Redesigning the software stack for the cloud

March 11, 2019
3:00 PM
Halligan 102
Speaker: Ji-Yong Shin, Yale University
Host: Jeff Foster

Abstract

The convenience and cost-effectiveness of the cloud have drawn enterprises and individuals to utilize cloud services and applications every day. High volumes of concurrent requests, shared infrastructures, and an increasing amount of software development and deployment in the cloud introduce new challenges and opportunities for the system design. Especially, the cloud reveals inefficiencies in the conventional software stack related to handling concurrency, running systems on highly parallel machines, and guaranteeing the correctness of newly developed systems.
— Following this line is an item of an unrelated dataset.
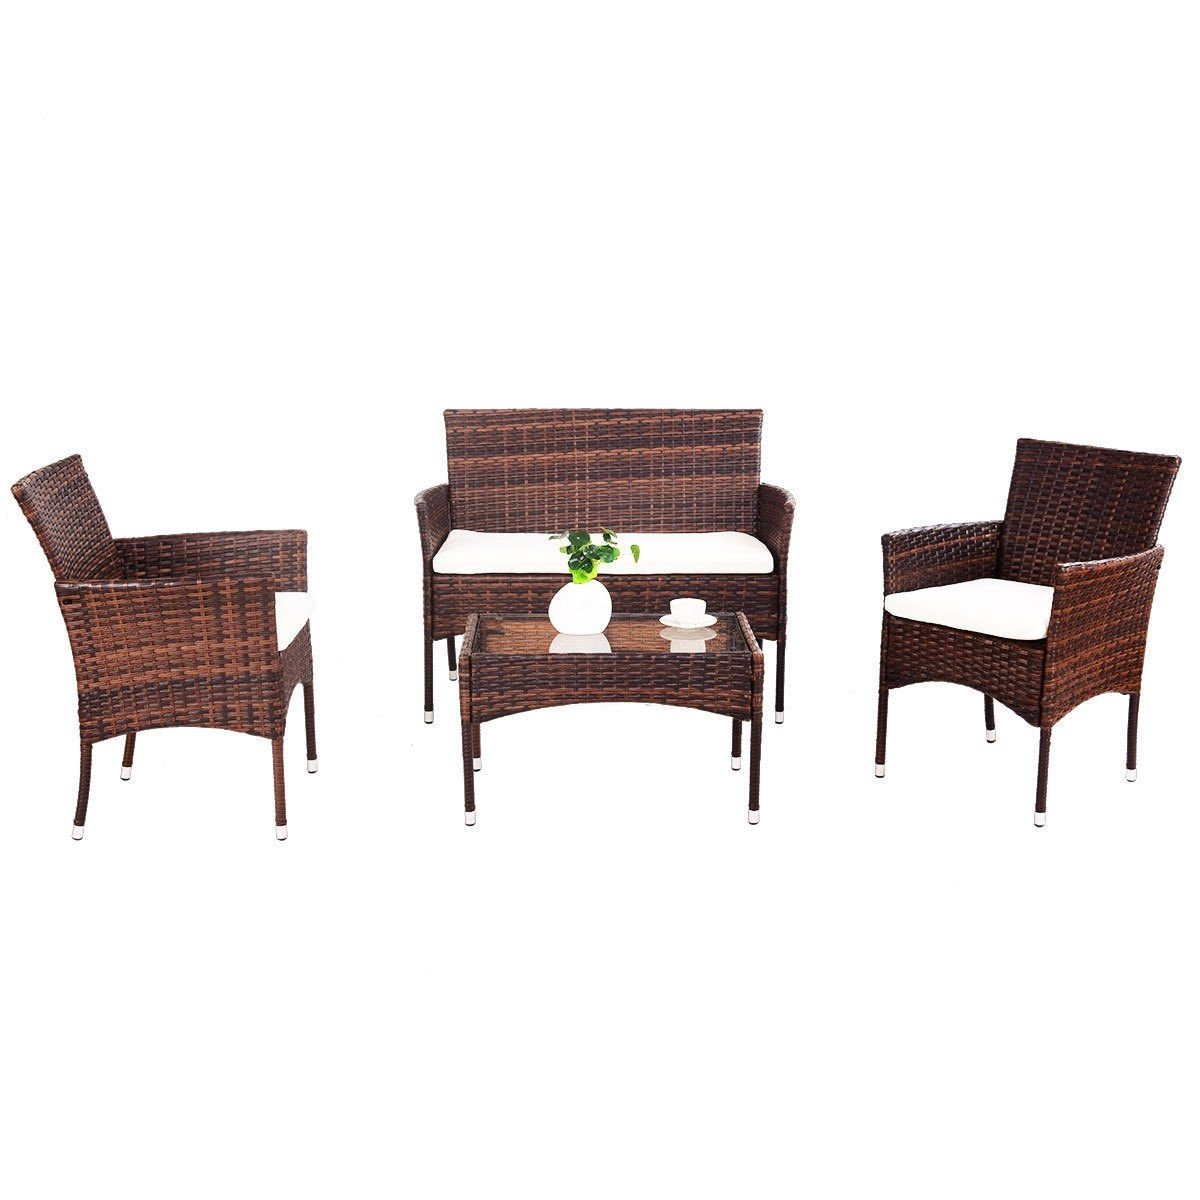 EnjoyShop 4 Pcs PE Rattan Wicker Table Shelf Sofa Furniture Set with Cushion Dining Garden Picnic Outdoor by EnjoyShop (Image #8)

In this talk, I will present three systems that modify the conventional software stack to address these shortcomings. First, I will discuss a block-level storage system that supports ACID transactions. The transaction support from the block layer can be ported to any levels of the software stack, and it enables transactions that cross process boundaries. Second, I will present a storage system that employs distributed weak consistency semantics within a local machine. This system treats the local machine as a distributed system to extract extra parallelism and performance. Finally, I will discuss a distributed address space of write-once registers that can become a modular foundation for consistency, fault-tolerance, and durability for distributed systems. When combined with a modular verification approach, this address space can enable incremental verification of distributed applications.

Bio

Ji-Yong Shin is a Postdoctoral Associate in the Department of Computer Science at Yale University, working with Mahesh Balakrishnan and Zhong Shao. His research interest is in distributed systems and storage systems, and his latest research explores practical ways of applying formal verification to distributed system designs. He received his Ph.D. from Cornell University, where he designed cloud storage systems that support enhanced isolation and a completely wireless data center network.